No livestock was found in the cropland areas during the rainy season, when access is forbidden by the village authorities. Cattle numbers are kept at a rate of 1.6 head per ha of cropland from December to March, rapidly declining thereafter (Figure 1). In contrast, small ruminant stocking rate declined gradually from 0.3 to 0.1 animals ha-1 during the dry season. The high livestock density on cropland leads to considerable nutrient input through manure (Hoffmann et al., 2001). After planting in May/June, no livestock is allowed in the cropland areas.
Stocking density of cattle during the rainy season varies with the distance to the village, although not significantly (Figure 2). At a distance of four km 2.3 heads of cattle were counted per ha. This value decreased by about 30 percent at six and eight km.
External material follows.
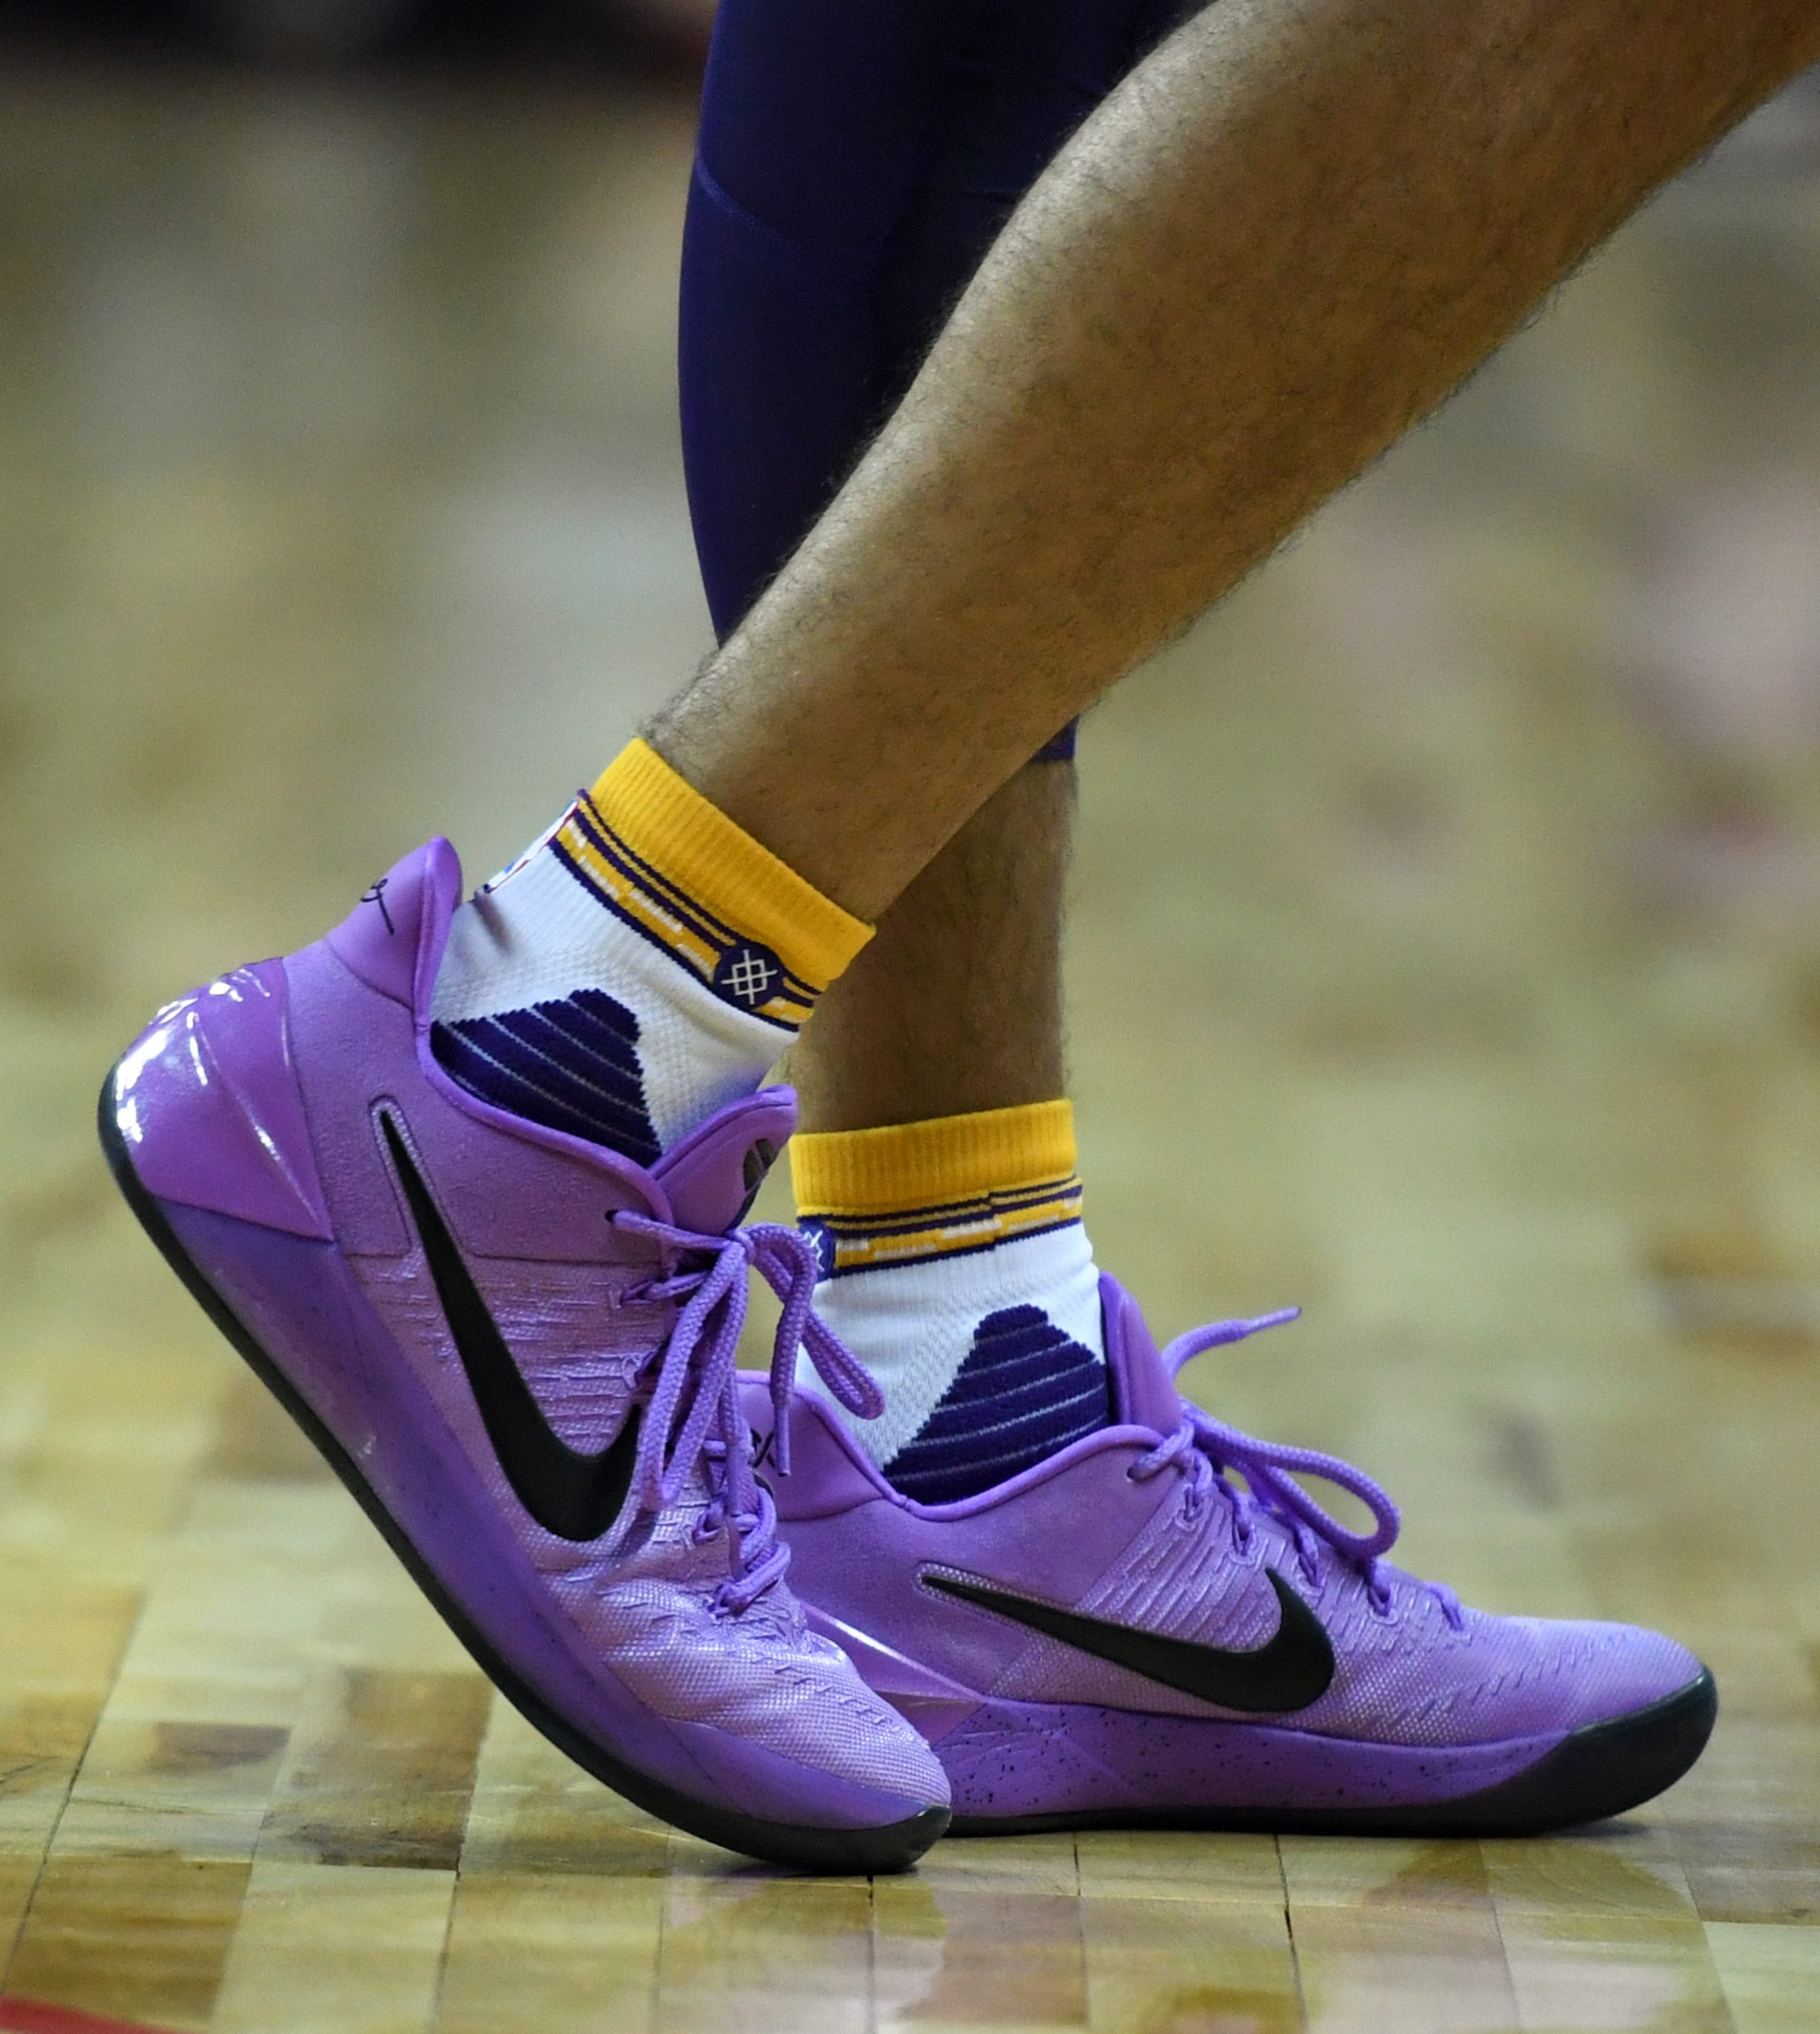 most worn shoes in nba

The small ruminant counts did not show an effect of settlement distance. Possibly, six km represents the limit of village herds' grazing orbit, as was found in farmer interviews by Malami et al. (1998) and Hassan (2000). The slight but insignificant increase in to more than eight km distance from the village might be due to transhumant Fulani herds, who settle at a certain distance from the village and have a five km grazing orbit during the rainy season (Mohammed and Bello, 1994).
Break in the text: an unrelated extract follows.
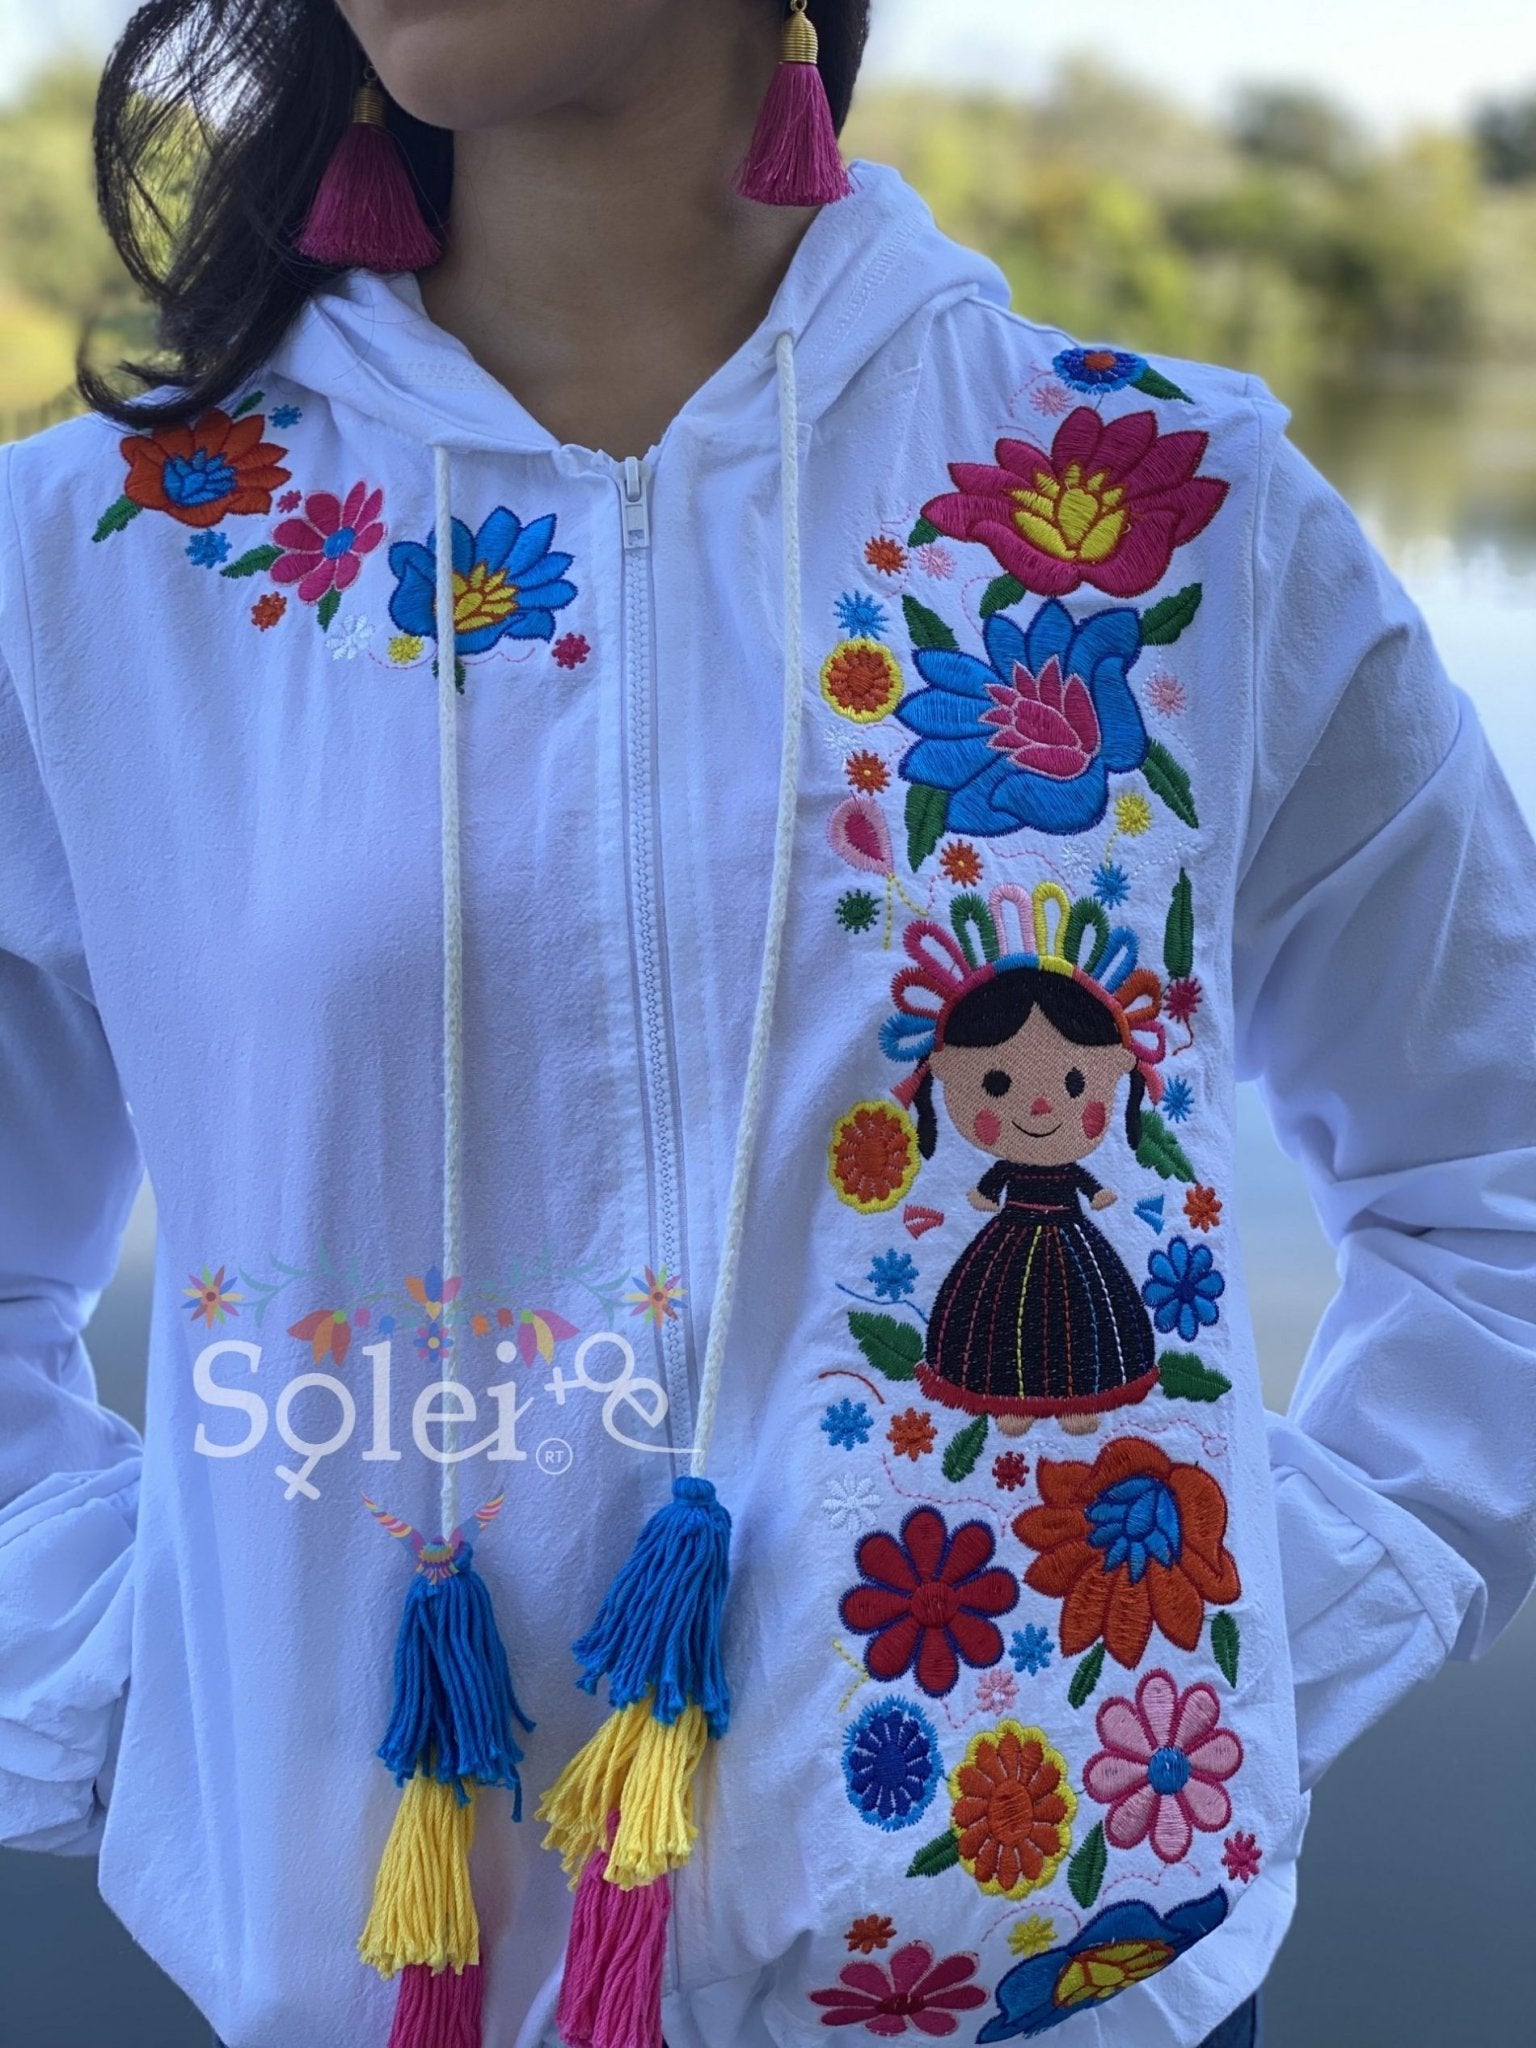 Lele Windbreaker jacket floral & Lele Doll Mexican design embroidered - Solei Store

Grazing orbits are enlarged during the dry season due to search for feed and water. Fifty-four percent of interviewed pastoralists cover more than five km grazing distance from their settlements, including those transhuming southwards (Mohammed and Bello, 1994). In contrast to the rainy season, when livestock are concentrated on the rangeland, they are more evenly distributed in the landscape during the dry season. After the harvest, village authorities declare the opening of the fields. Therefore, livestock use rangeland and cropland. An average of 1.2 and 0.3 TLU ha-1 was found on cropland and rangeland during the six months of dry season.
FIGURE 2
Mean stocking density of livestock in two seasons by distance to the villages (data: Schaefer)
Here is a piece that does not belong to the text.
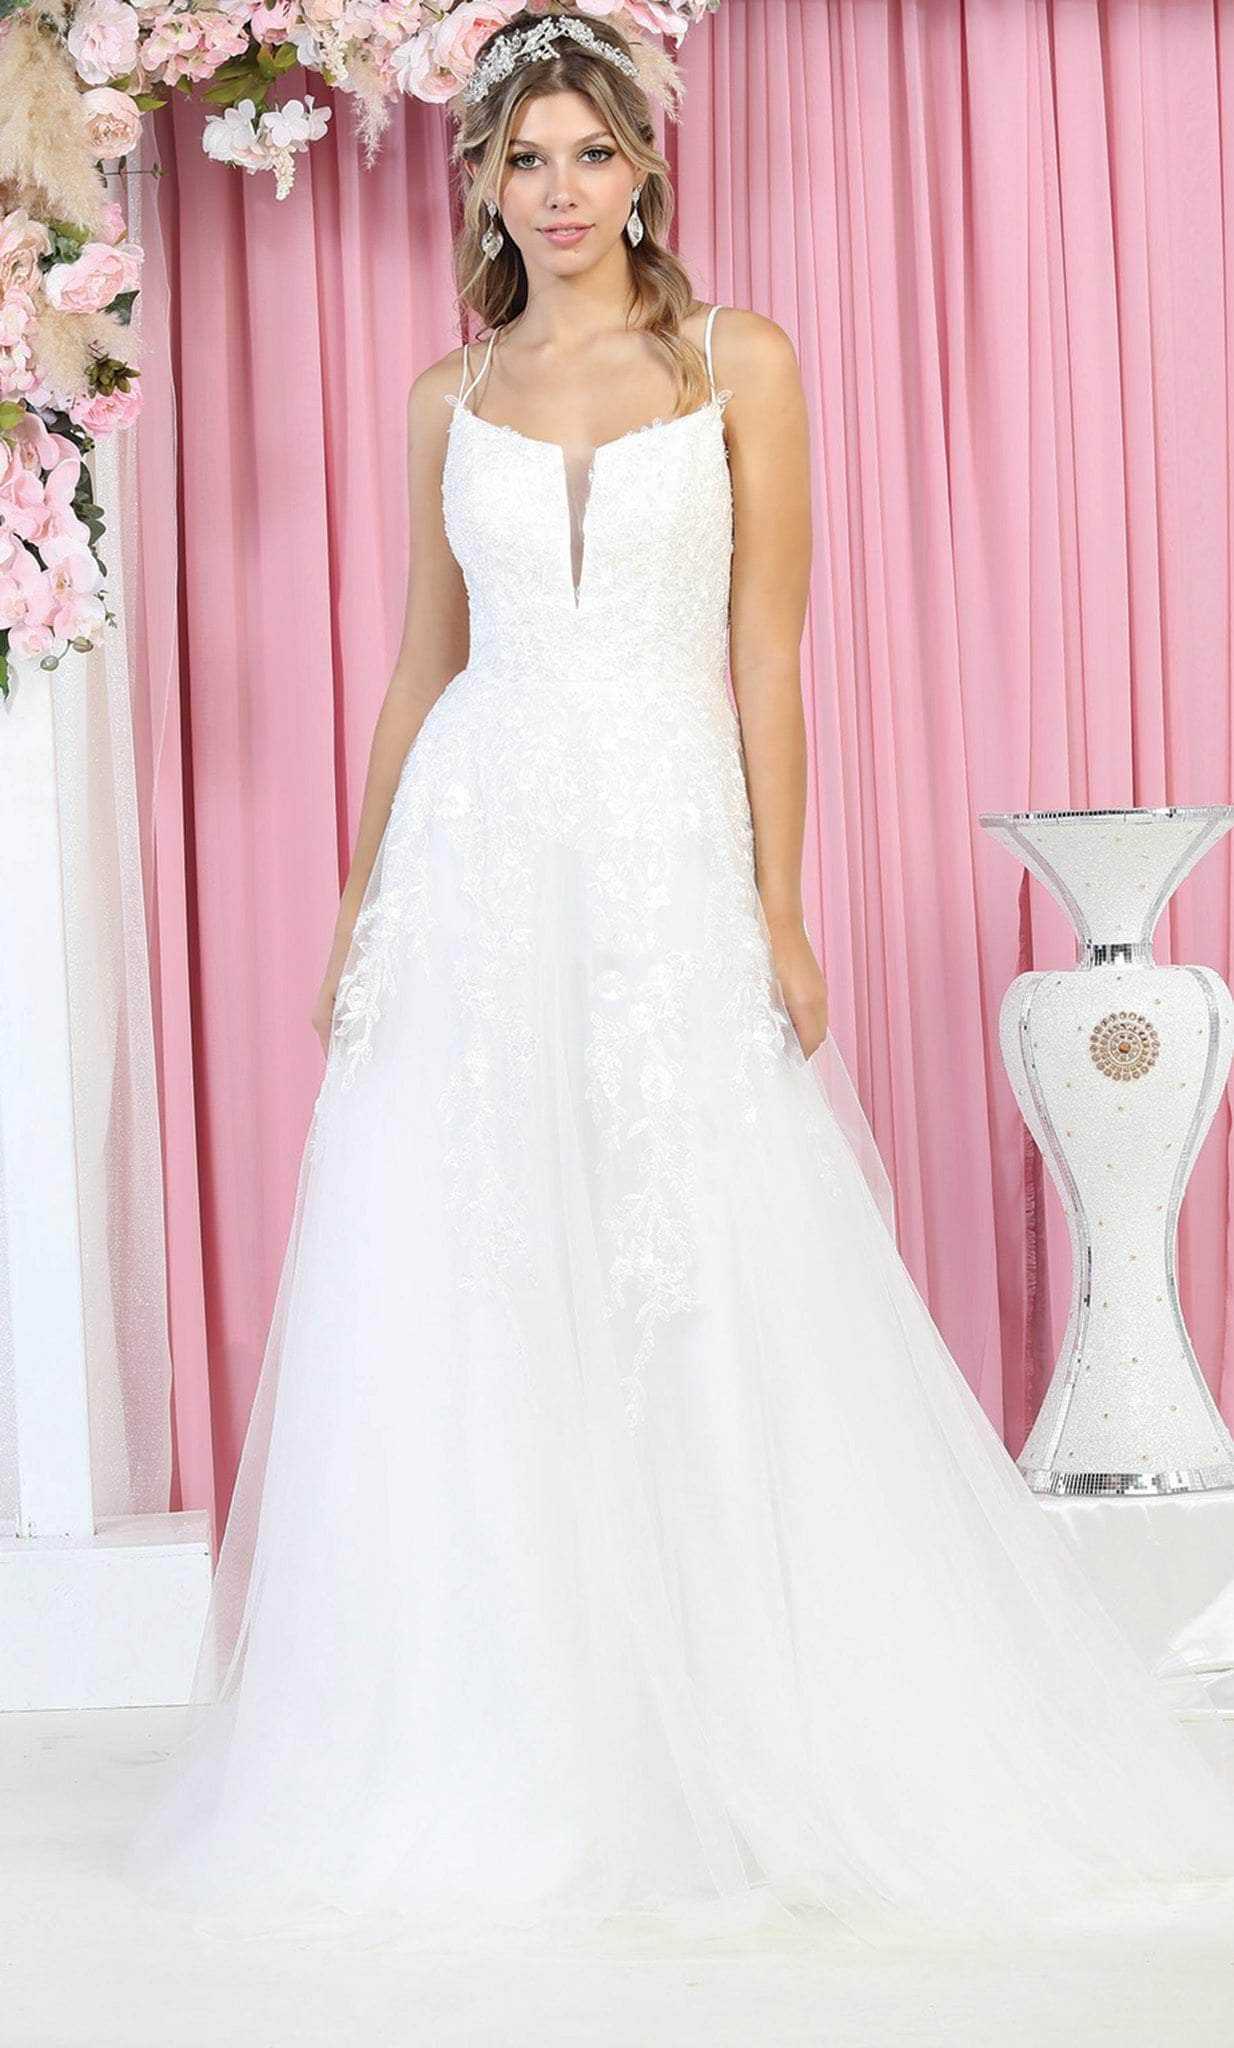 May Queen, May Queen RQ7917 - Dual Strap A-Line Wedding Gown

When asked about their livestock holding in different surveys, the Fulani in the reserve gave figures ranging from 69 to 75 head of cattle, 33 to 43 sheep and 34 to 36 goats (Kyiogwom et al., 1994). Similar cattle, but lower small ruminant holdings were observed in settled Fulani in northern Cameroon (Vabi, 1993). These figures should be considered cautiously, because the Fulani are reluctant to give information about their livestock numbers. However, another approach of indirect estimates of pastoral herd size reveals similar results. The pastoralists told in interviews that three to four young men or children per household are engaged in livestock herding (Kyiogwom et al., 1994). The average herding unit in the Zamfara Reserve consisted of 20.2 cattle. Hence, 70 head of cattle per pastoral household seems to be a realistic estimate. These cattle holdings are above the figures given for agro-pastoral Fulani which vary between 32 in the Udubo Grazing Reserve (Gefu, 1992) and 50 in central Nigeria (Powell and Taylor-Powell, 1984; Powell, 1986). Evidently, sedentary pastoralists keep smaller herds than transhumant or nomadic ones (Gefu, 1992). Ownership of larger herds in the Zamfara Reserve might be due to the presence of nomadic and transhumant pastoralists (70 percent of the Fulani) (Mohammed and Bello, 1994; Schaefer, 1998) and the relative abundance of rangeland resources. Herd size of the Fulani is larger than that of Hausa. Seventy-seven percent of the Hausa farmers keep an average of 13 sheep, and 75 percent of the farmers keep 11 goats. They also own a few cattle, mainly adult males for draught purposes, but only seven percent of the farmers keep more than 10 cattle.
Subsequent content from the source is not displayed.